Long-term tests also were initiated during this research project. Waterborne exterior coating samples were prepared and submitted for outdoor weathering tests by TDA’s commercial partner. These tests will measure biocidal activity in real-world conditions and will take approximately 18 months. These results should be available during Phase II.
TDA’s nanoparticles are produced from inexpensive starting materials and therefore can be economical value-added additives for the coatings market. TDA’s nanoparticles are made from an inexpensive mineral product and organic groups that can be selected to provide compatibility between the nanoparticles and a coating. By the nature of the starting materials, these nanoparticles also are very inexpensive. It is anticipated that TDA’s base nanoparticles could be produced for approximately $2-3 per pound.

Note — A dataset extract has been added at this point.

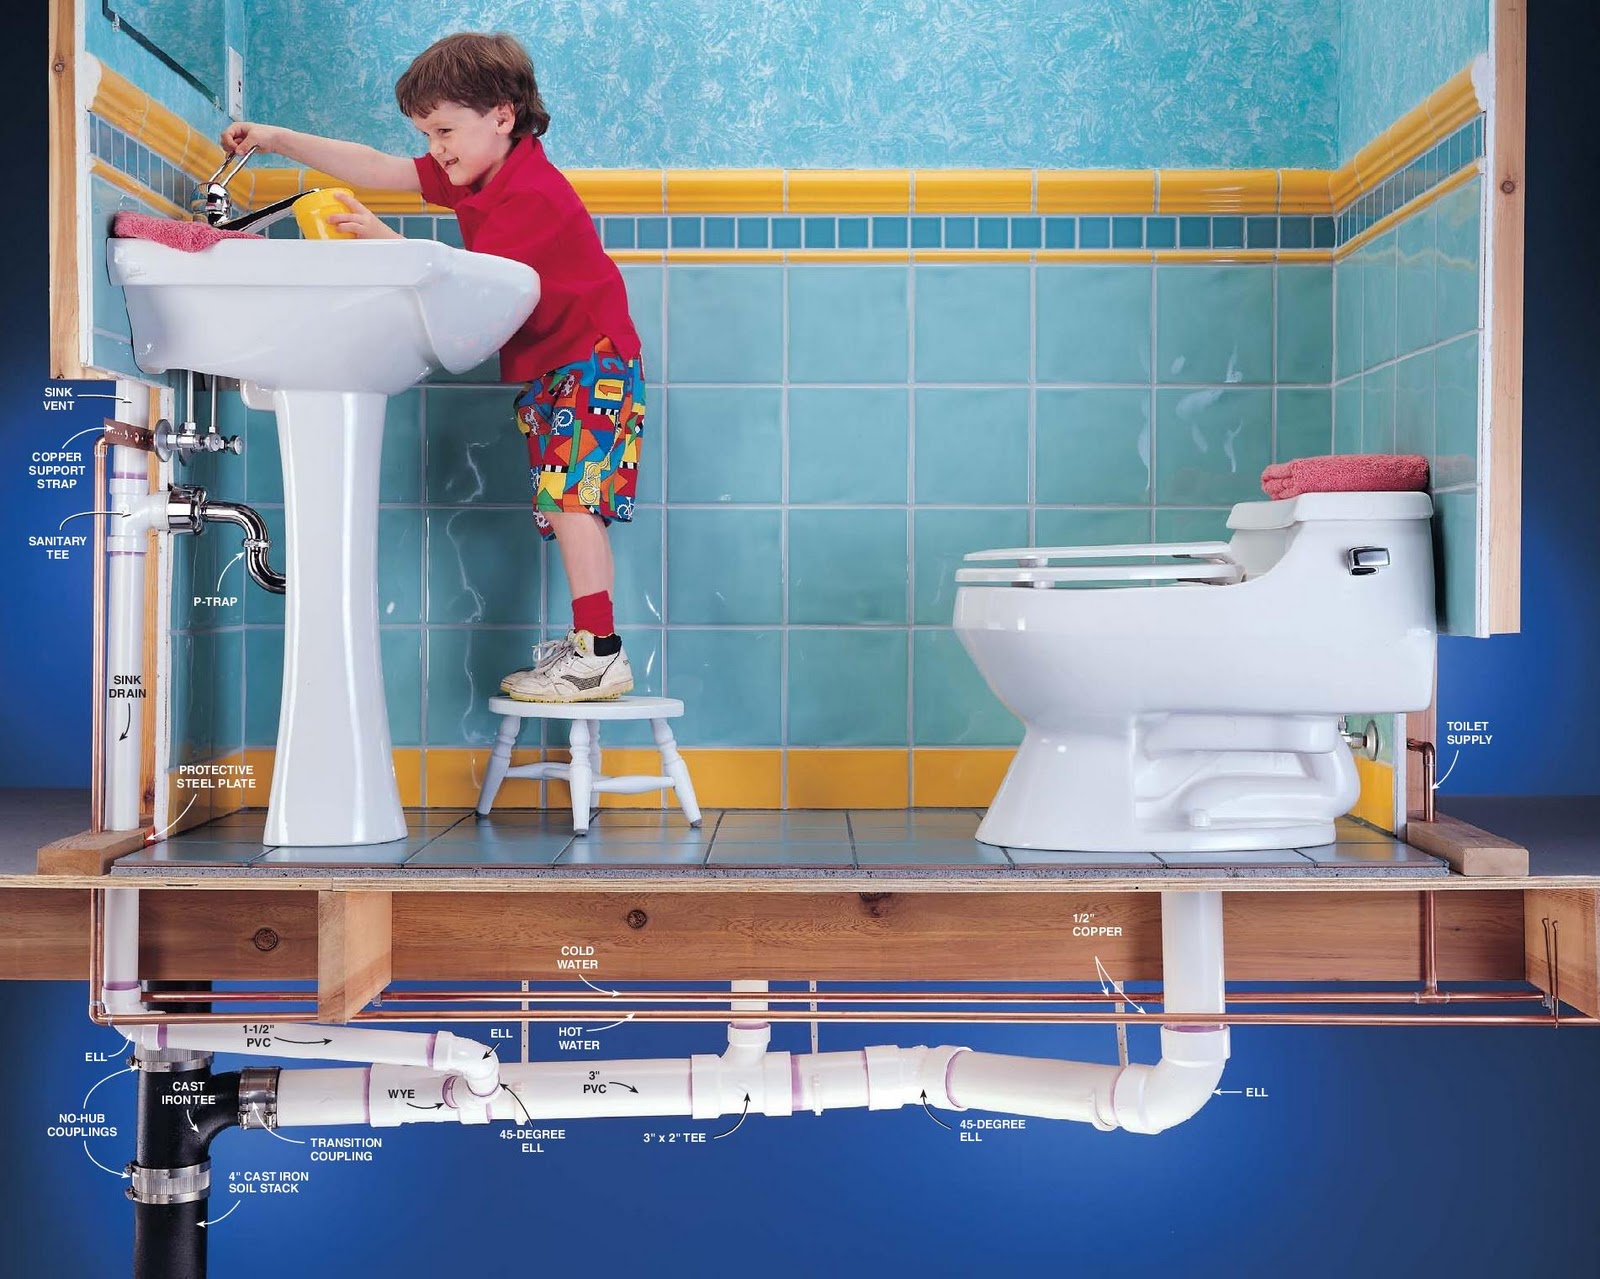 plumbing instalation on bathroom sink video

Biocides are more expensive, ranging from $4-6 per pound, and a biocidal nanoparticle would have to account for the cost of each of the components. The low loading levels necessary for both the nanoparticles and the biocides, however, decreases the economic costs of nanoparticle addition.
Long-lived and effective biocides are an elusive goal for the coatings industry. Commercially available biocides leach out of dry coatings, eventually rendering the coatings ineffective at preventing mold growth. This is an area that affects both exterior and interior coated surfaces. Biocides are important in controlling the spread of harmful microorganisms; they help coatings maintain their integrity (and therefore protecting the surface that has been painted) and uphold the aesthetic appearance of architectural structures.
TDA was successful in preparing biocidal nanoparticles that were added to waterborne latex coatings. The coatings showed resistance to fungal growth in accelerated tests.